CD-HIT produces 2 files as output: a FASTA file of the first member added to each cluster, and a text file listing which sequences from the original FASTA belong to each cluster.

For a test case, I looked to a paper from synthetic biology. A group used data from systematic deletion experiments to define the minimal list of genes to function as a free-living bacterial genome. What resulted was a list of genes that have some homolog in many, if not all, bacteria. Using one of these genes makes for a great way to test how how many sequences are clustered together as the minimum percent identity is decreased. I chose adenylate kinase (adk), and downloaded the protein sequence for 200 bacterial homologs to a FASTA file from NCBI.

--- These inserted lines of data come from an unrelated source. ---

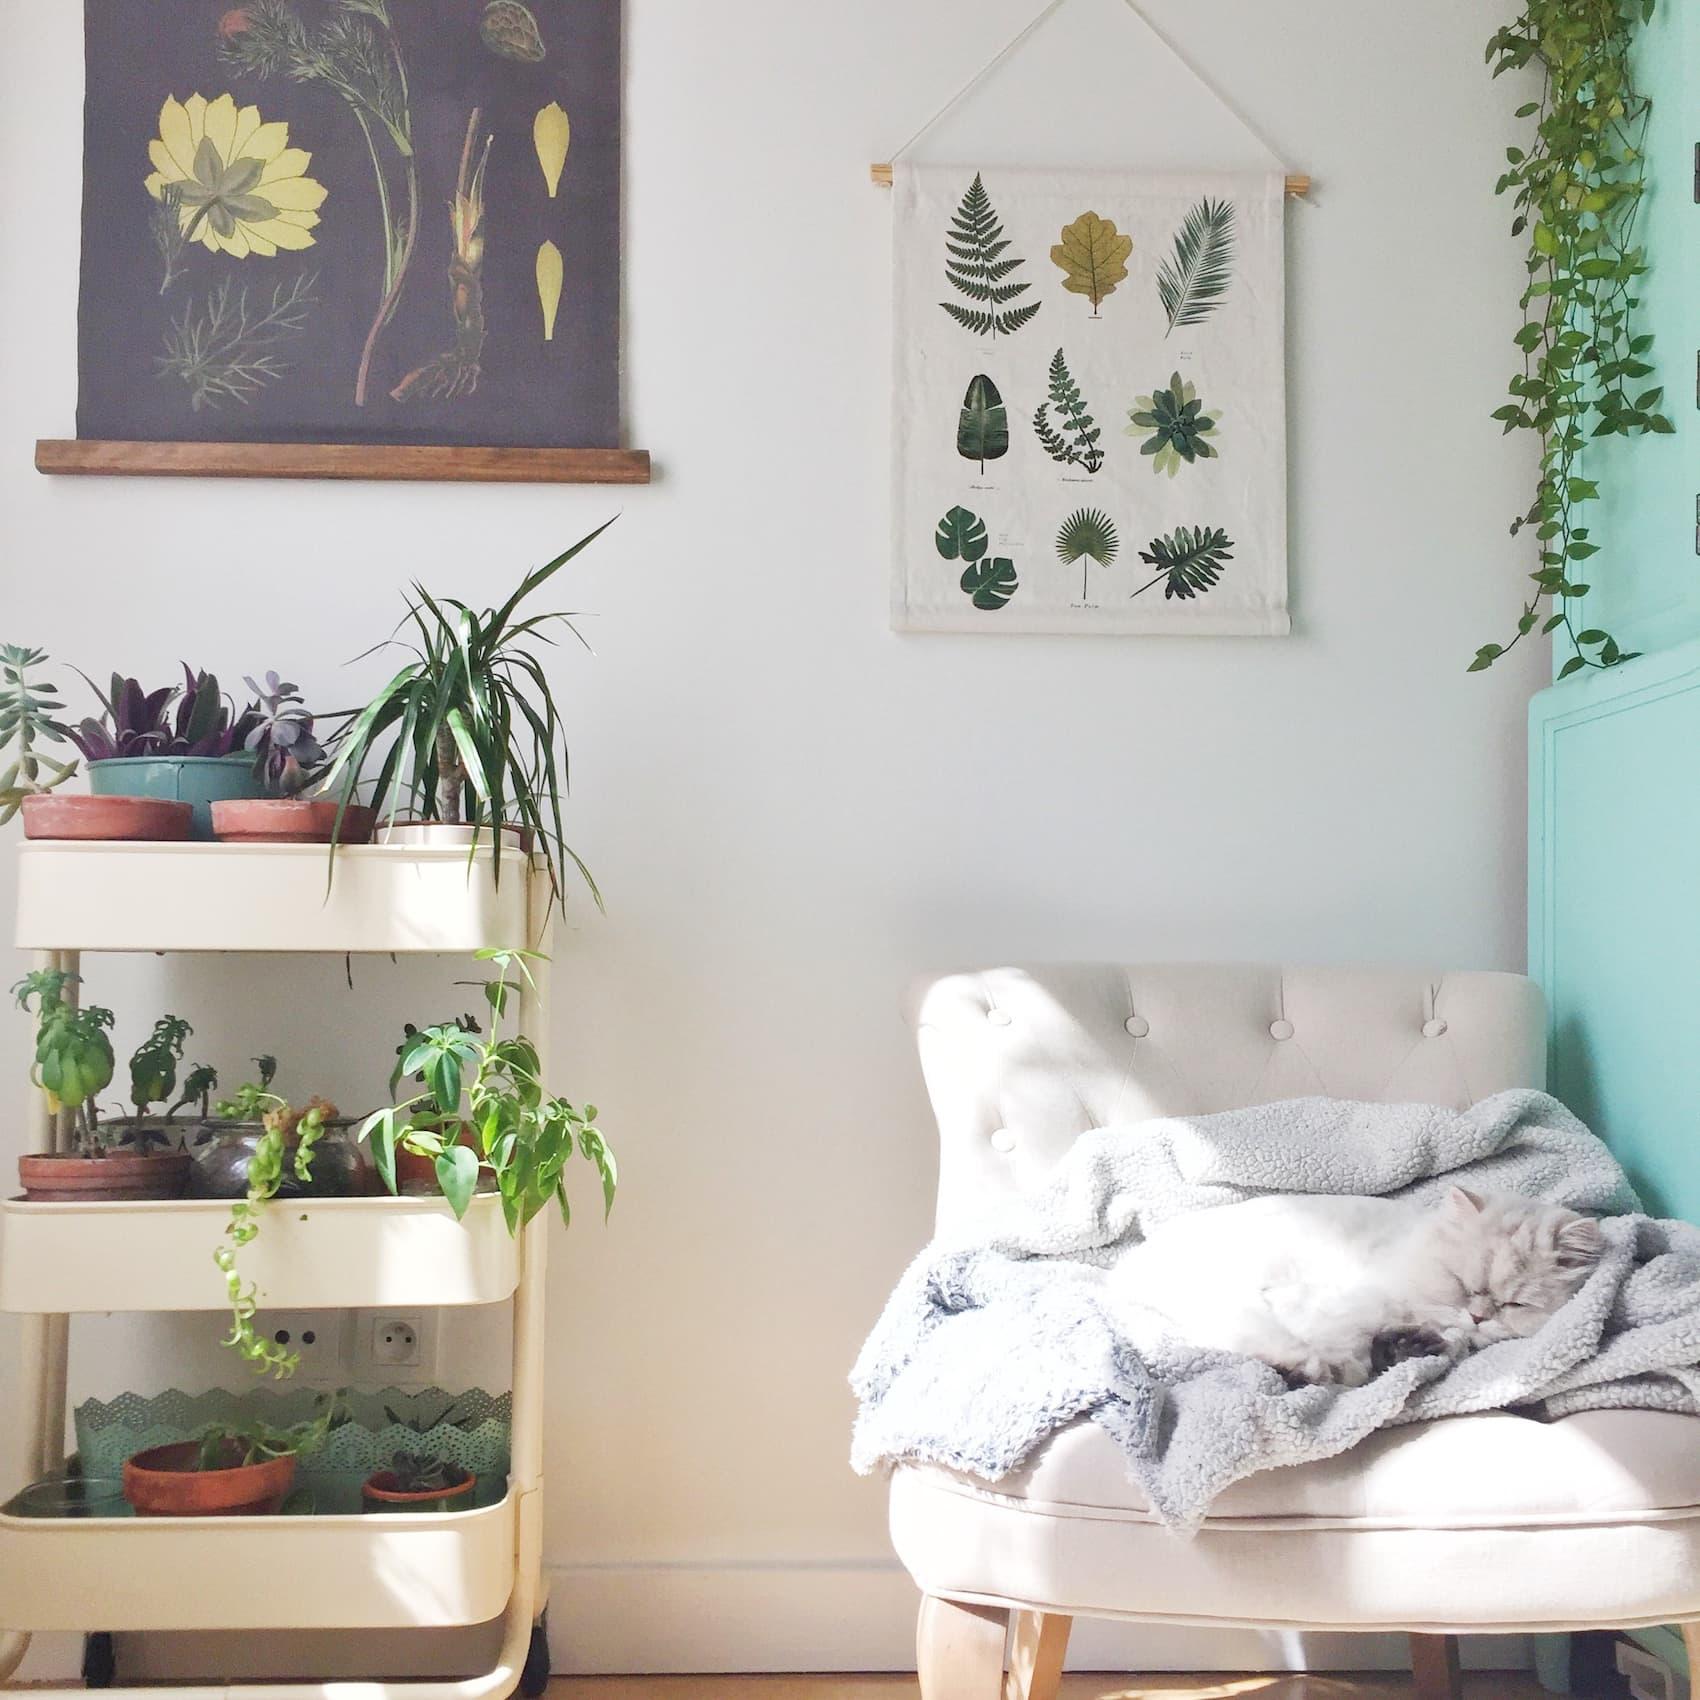 Mon lagom : mon bureau, ma déco, mes anti-stress : caresser mon chat, faire rentrer la nature et m'occuper de mes plantes vertes - Blog lifestyle
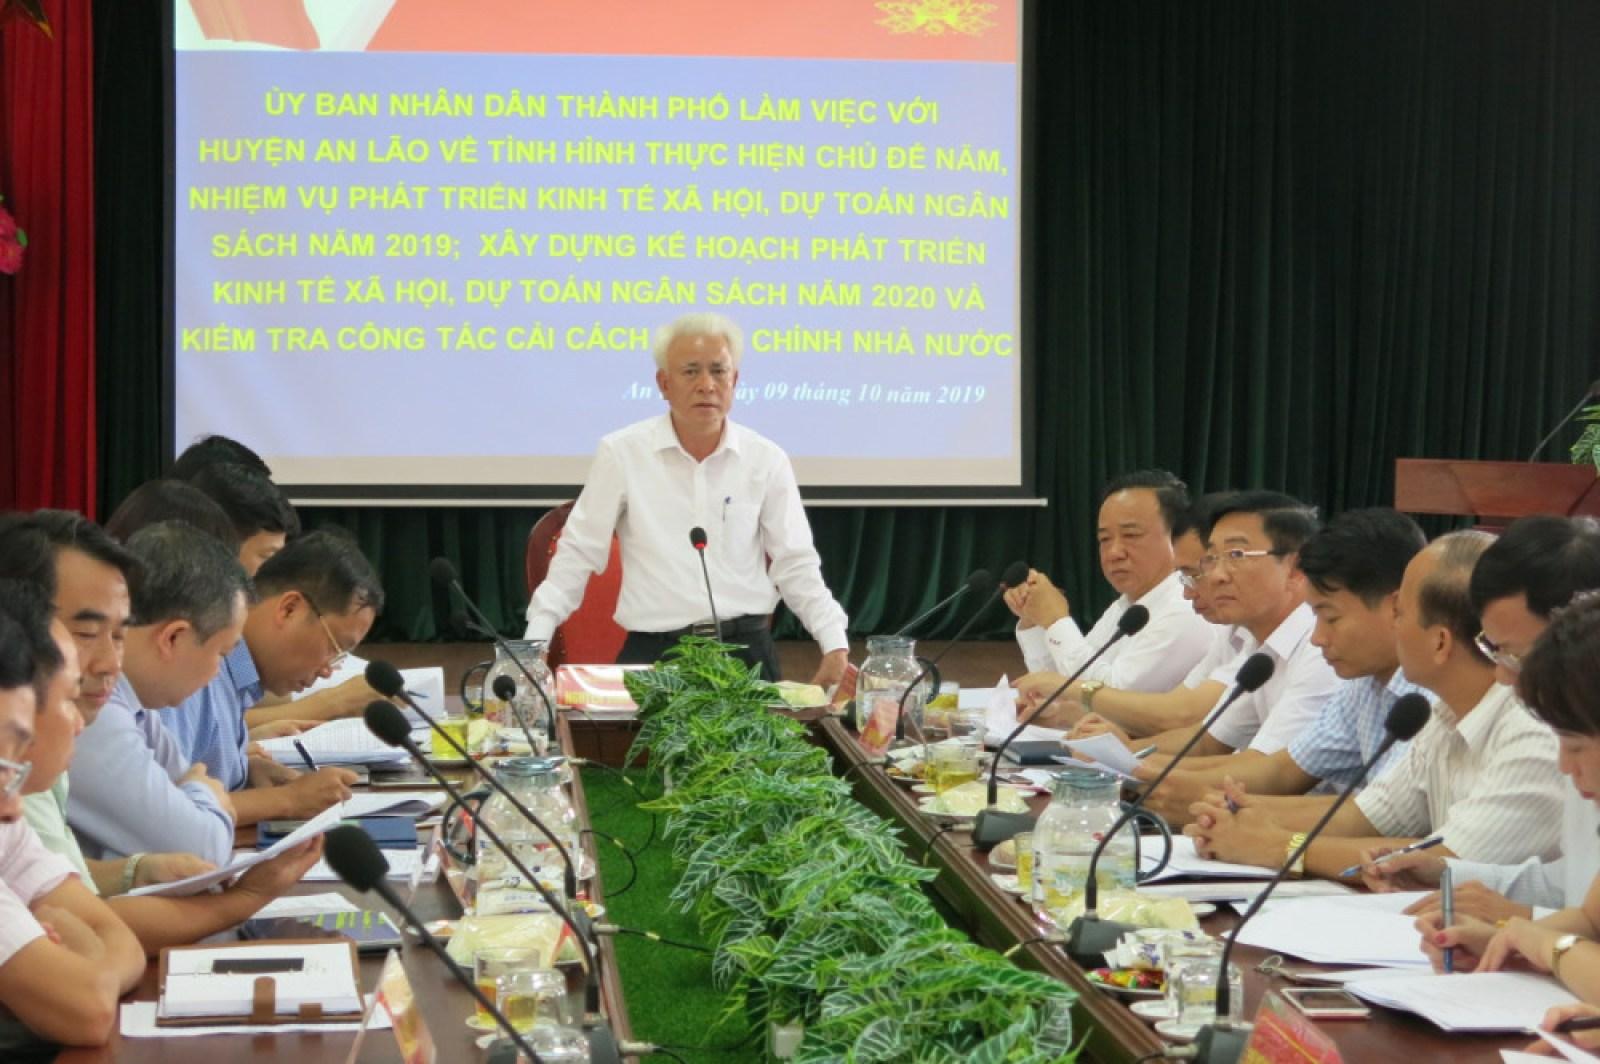 Phó Chủ tịch UBND TP Nguyễn Đình Chuyến yêu cầu huyện An Lão tập trung cao thu ngân sách những tháng cuối năm
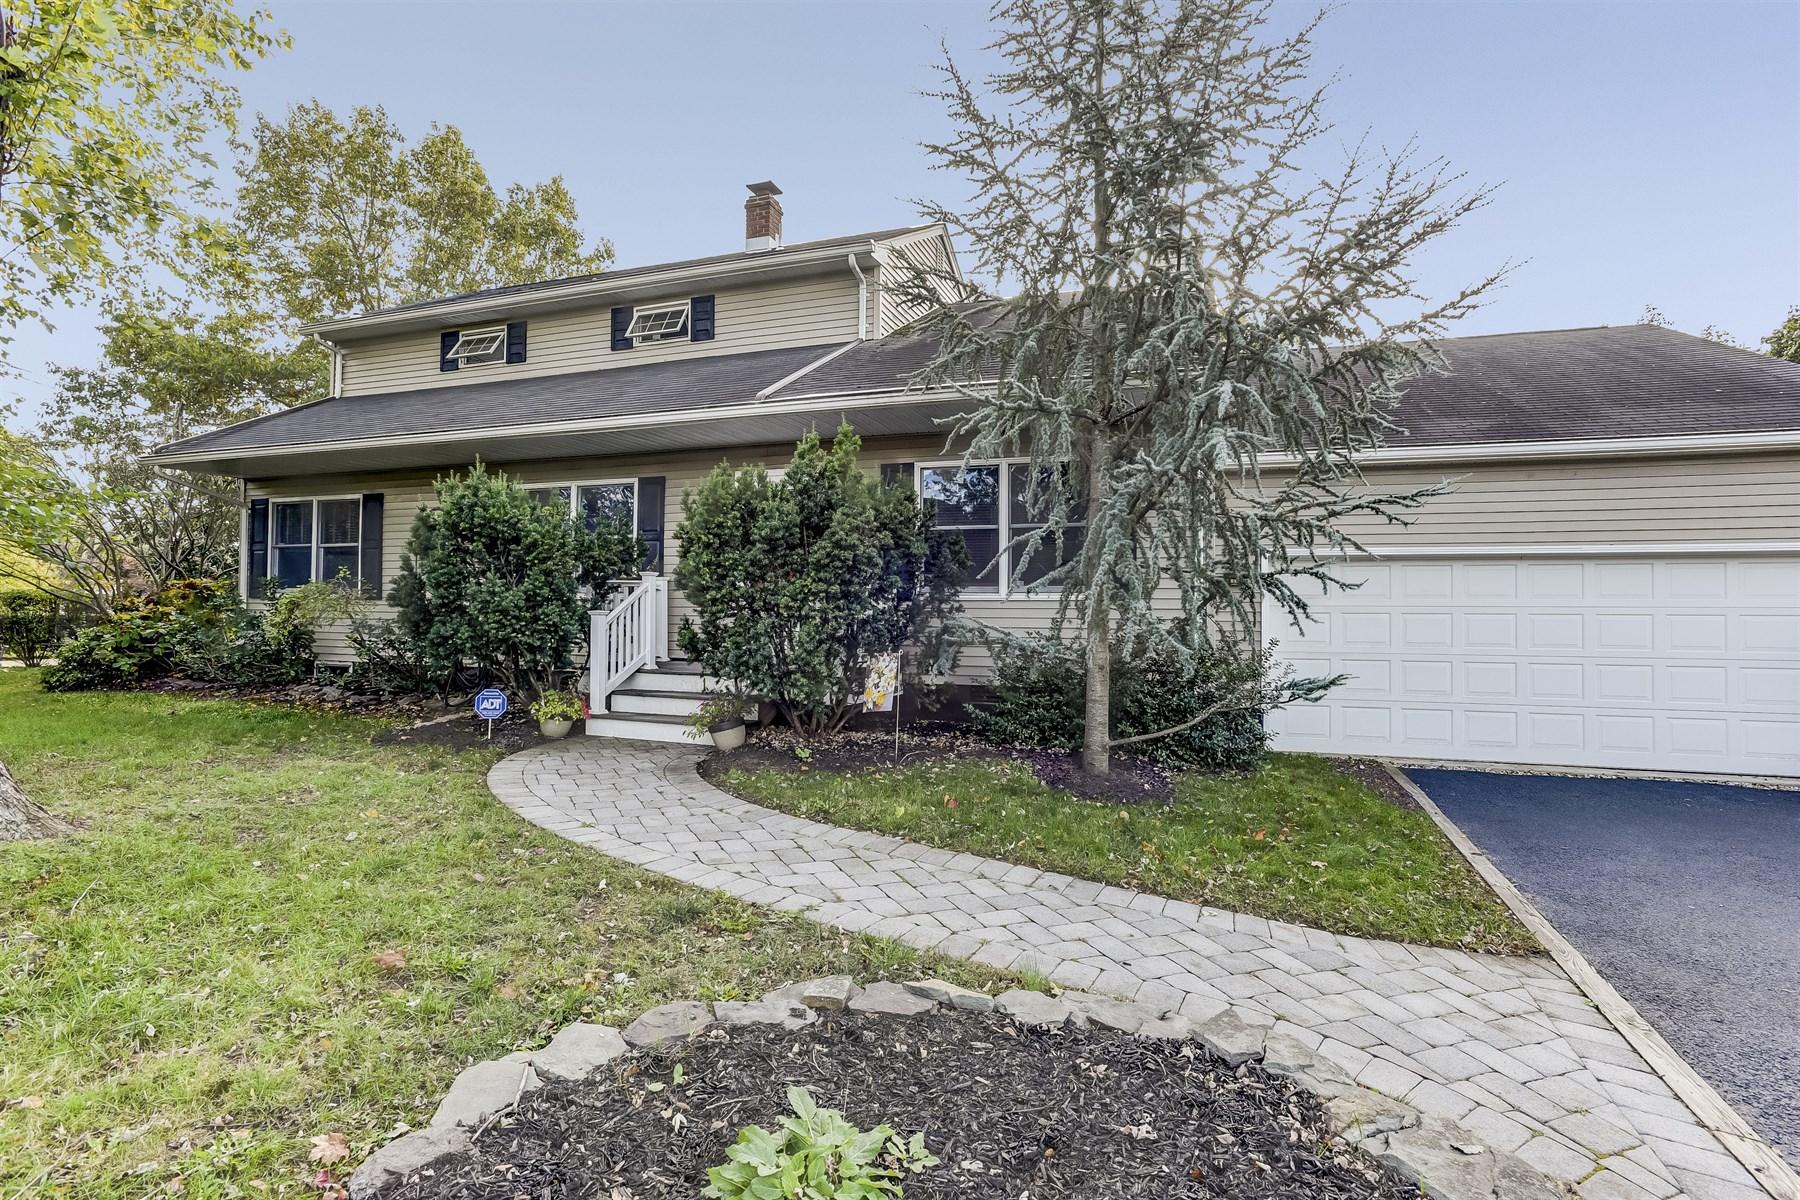 Частный односемейный дом для того Продажа на Charming & Warm Custom Cape 1 Manning Street Red Bank, Нью-Джерси 07701 Соединенные Штаты
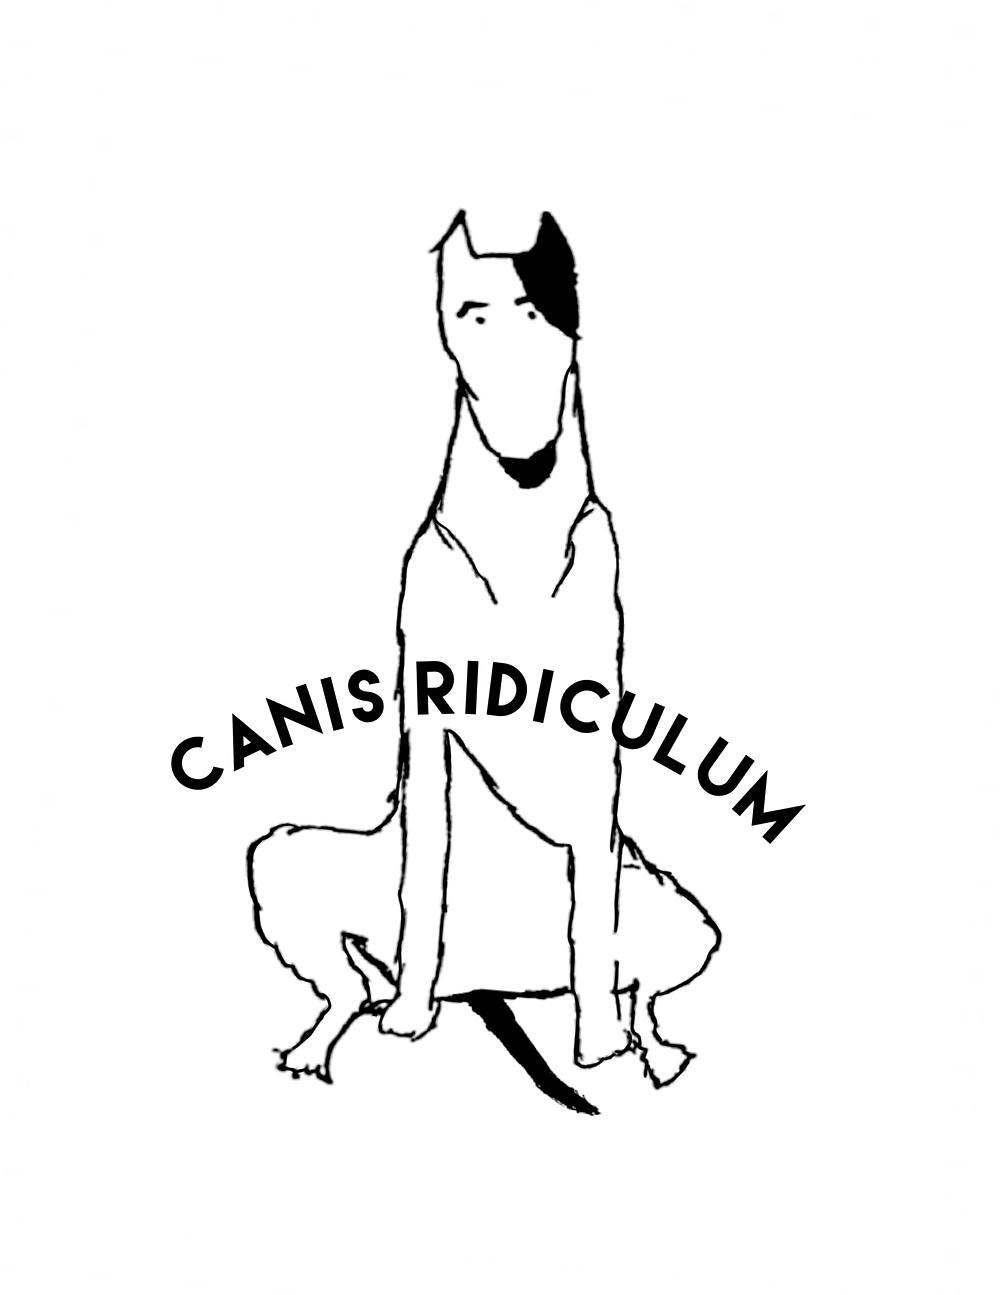 Canis Ridiculum Bull Terrier Design Poppy Hayoun Designs

I performed a range of percent identity clusterings from 100% to 70% using the same word size of 5. Below is a summary of the results:

1
2
3
4
5
6
7
8
9
10
11
12
13
14
15
16
17
18
19
20
21
22
23
24
# Original FASTA
# Total sequences:  200
# Fraction of original: 100%

# Following clustering:
# Percent identity:  100%
# Total sequences:  186
# Fraction of original:  93.0%

# Percent identity:  99%
# Total sequences:  183
# Fraction of original:  91.5%

# Percent identity:  90%
# Total sequences:  178
# Fraction of original: 89.0%

# Percent identity:  80%
# Total sequences:  156
# Fraction of original:  78.0%

# Percent identity:  70%
# Total sequences:  130
# Fraction of original:  65.0%

These results are interesting in that there is a pretty swift drop off even clustering at 100%. This may not be all that surprising since they do all come from the exact same gene, but you could also expect a greater level of diversity on adk across species. You may be able to chalk this up to how well the gene is conserved so it’s sequence might only deviate slightly. After this initial droff, there is a linear relationship in the rate at which sequences cluster vs percent identity cutoff. I think that what it comes down to in the end is if you are trying to capture the full repetoire of sequence diversity of homologs in a metagenome, or if you want to look at the relative functional capacity of a collection of genes. Either way, some amount of dereplication is necessary to avoid genes equally competing for reads when you reach the mapping steps of your analyses.